There are fifteen or twenty figures scattered here and there, with books, but they cannot keep their attention on their reading – they offer the books to others, but no one wishes to read, now. The Lion of St. Mark is there with his book; St. Mark is there with his pen uplifted; he and the Lion are looking each other earnestly in the face, disputing about the way to spell a word – the Lion looks up in wrapt [sic] admiration while St. Mark spells. This is wonderfully interpreted by the artist. It is the master-stroke of this incomparable painting.
Lions, in the form of statutes, paintings, and even the city flag, are everywhere in Venice. They’re often depicted holding a book. If Mark Twain is right, that book isn’t a Bible. The winged lion of Venice is holding a dictionary and trying to help us with our spelling. And that gave me a whole new way of interpreting Venice’s artwork.
Here the lion is poised on the bow of the royal barge in Venice’s naval museum, announcing to the world that the royalty, of all people, knew how to spell.
You can see by his expression in this picture how disgusted the winged lion of Venice is with the chap to the left. He must be a really bad speller.
In St. Mark’s Square, the lion also appears to have given up on St. Theodore. He’s facing in the other direction, looking out on the tourists, hoping to find a writer among them.

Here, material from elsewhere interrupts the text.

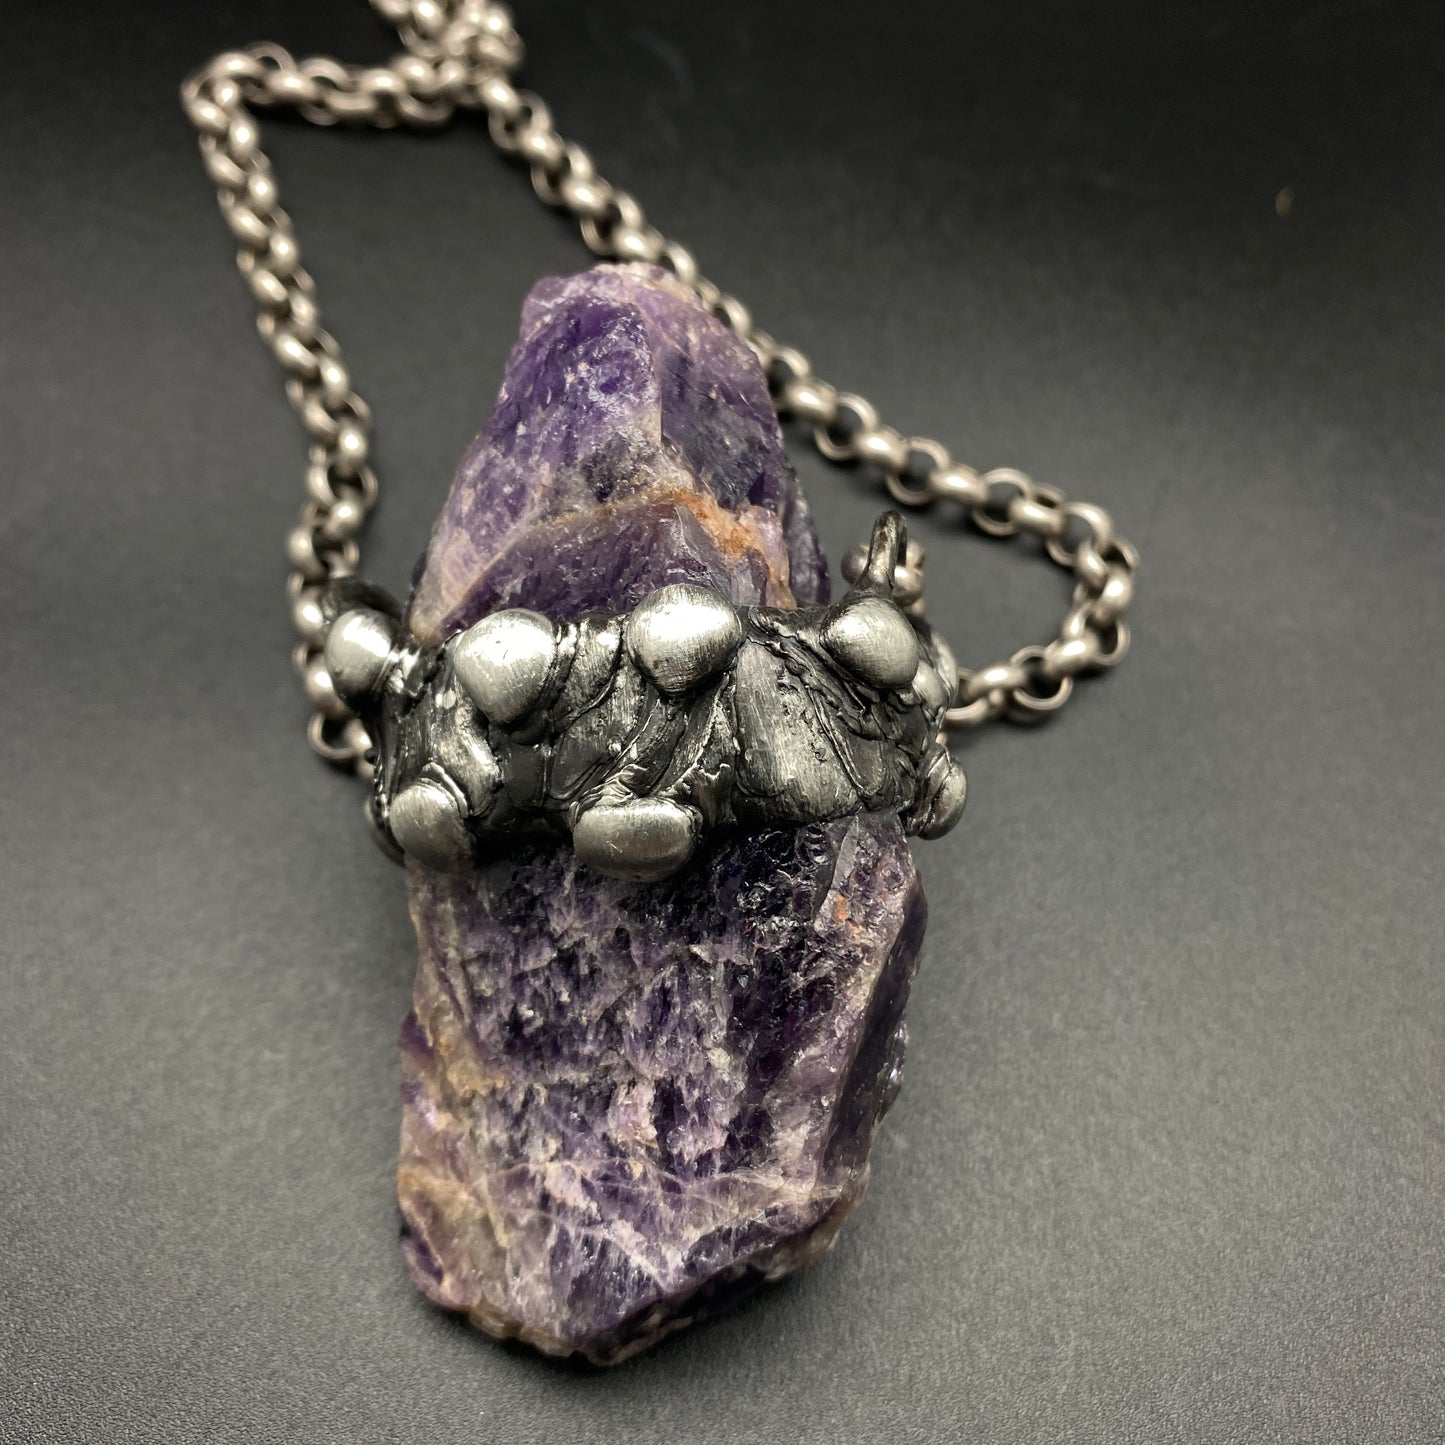 Conjure ~ Amethyst Druzy Crystal Necklace

And if he does, he whispers down letters to them; he breathes long-sought words across the expanse of the piazza.
I like that lion. And thanks to winged lion of Venice, I’ll never see my dictionary the same way again. From now on it will have soft, golden fur and outspread wings, ready to take my writing to greater heights. And should I ever misspell a word, I expect it to roar and bite me in the buttocks.
As it well should.
Did you notice Twain’s spelling error? Do you think he did it on purpose? Is this another example of Twain’s sly sense of humor?
Literature on point
Jenny John, Venedig (Munich: Gräfe und Unzer, 1997).
Mark Twain, A Tramp Abroad (public domain).